Animation filmmaker Gerald Potterton died on the evening of Tuesday August 23 at the age of 91. His works produced in a pivotal period of Canadian cinema will earn him many tributes.
Between England and Canada, Gerald Potterton put his time in pictures. For decades, he handled the absurd and humor to illustrate the frenetic modernity that engulfed the second half of the 20th century. He belongs to this “new wave of irreverent and innovative storytellers”, commented Claude Joli-Coeur, government film commissioner and president of the National Film Board of Canada (NFB), when confirming the news of his death.

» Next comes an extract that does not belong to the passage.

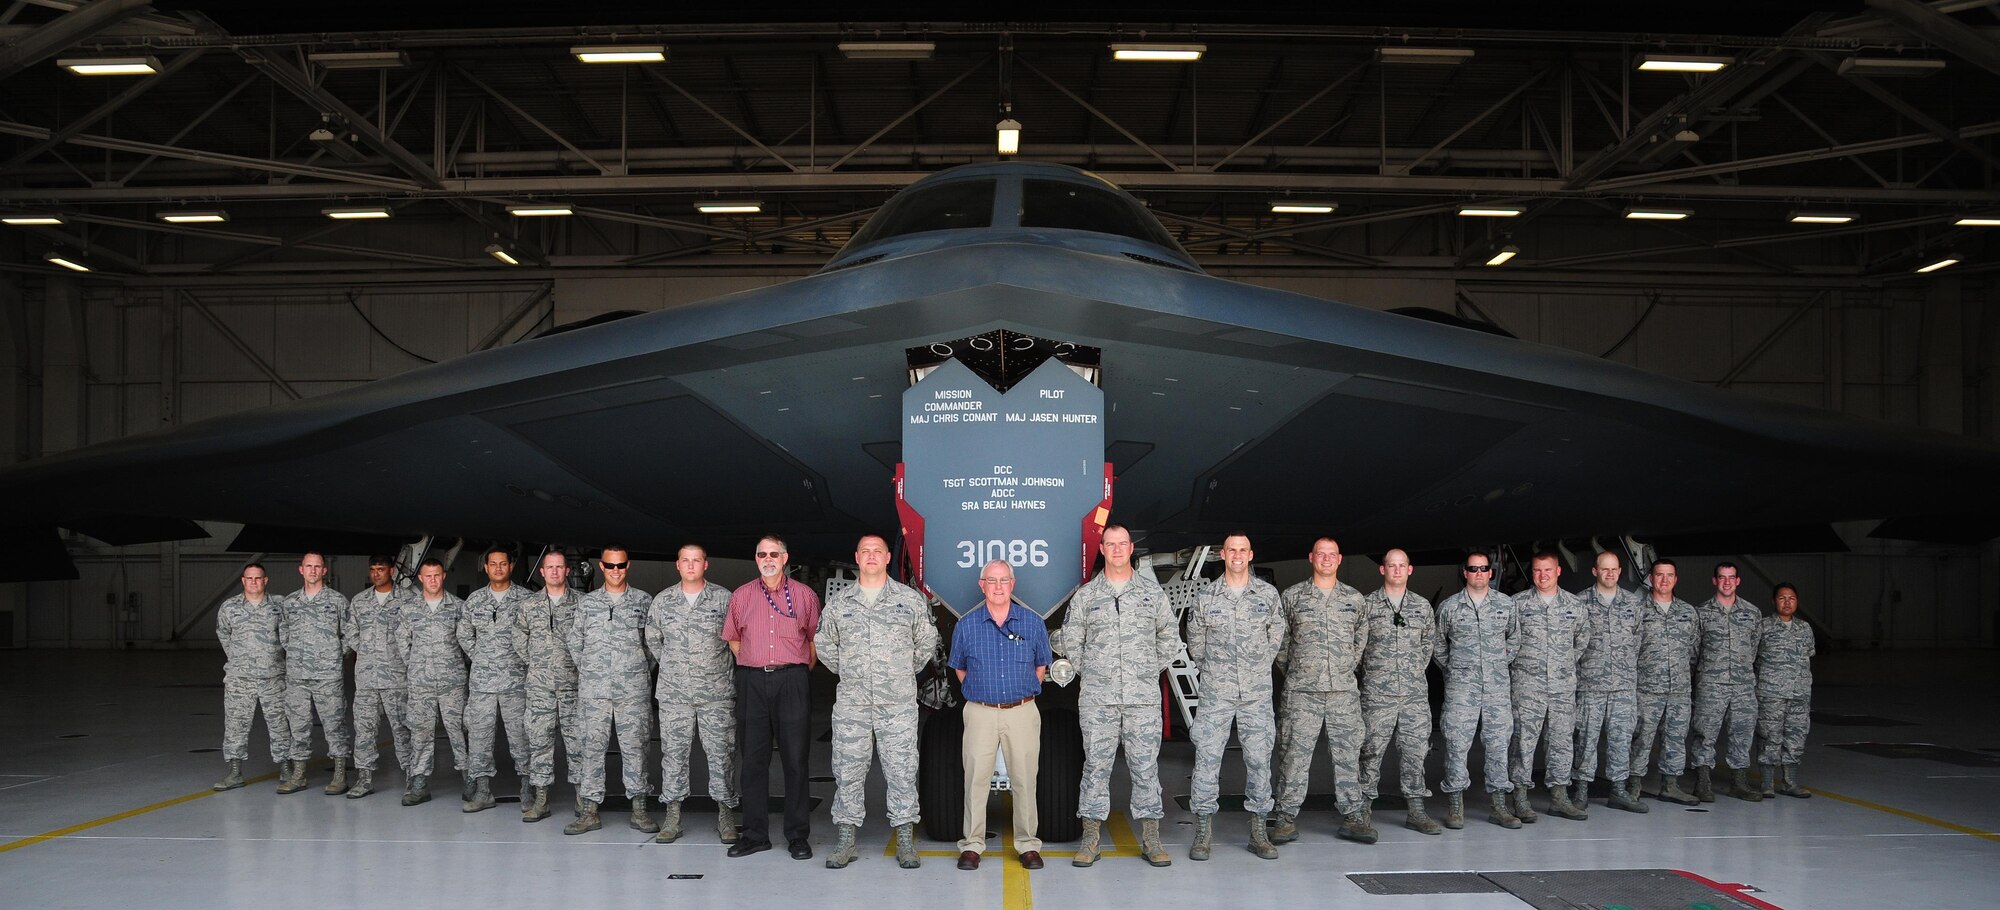 The 372d Training Squadron Field Training Detachment 6 at Whiteman Air Force Base, Missouri is the ONLY operational B-2 maintenance training location.

Originally from London, Potterton made his first serious sketches at the Hammersmith Art School. Impressed by the modernity of NFB drawings at the time, he fell in love with the work of local filmmakers. Shortly after graduating in 1954, he immigrated to Canada to work alongside the pioneers of animation at the NFB, his “gods,” as he recently called it in an interview.
In a few years, he made his own short films which ensured his notoriety. Movies My financial career (1962) and whim of christmas (1963) will both get Oscar nominations.
Gerald Potterton is also making a name for himself in live-action comedy with the race (1963) and the award-winning wordless film The Railrodder (1965).
Gerald Potterton then leaves for England. He notably collaborated on the animated feature film on the Beatles Yellow Submarine (1968).
Returning to Canada a few years later, he founded Potterton Productions. Among the works of this independent company is an animated short adapted from the tale by Oscar Wilde The Selfish Giant (1972) which earned him a third Oscar nomination.
He then went on to animated films, and supervised a large number of them.
He also dabbles in painting. His realistic-style canvases revolve around themes of aviation and the sky, perhaps echoing his early years of service in the Royal Air Force.
Artist until his last breath, he wrote in 2020 a story for children on Joseph-Armand Bombardier, The Snowman.
A member of the Royal Canadian Academy of Arts, he was chosen in 1998 by the World Animation Celebration as one of the “ten men who shook the world of animation”.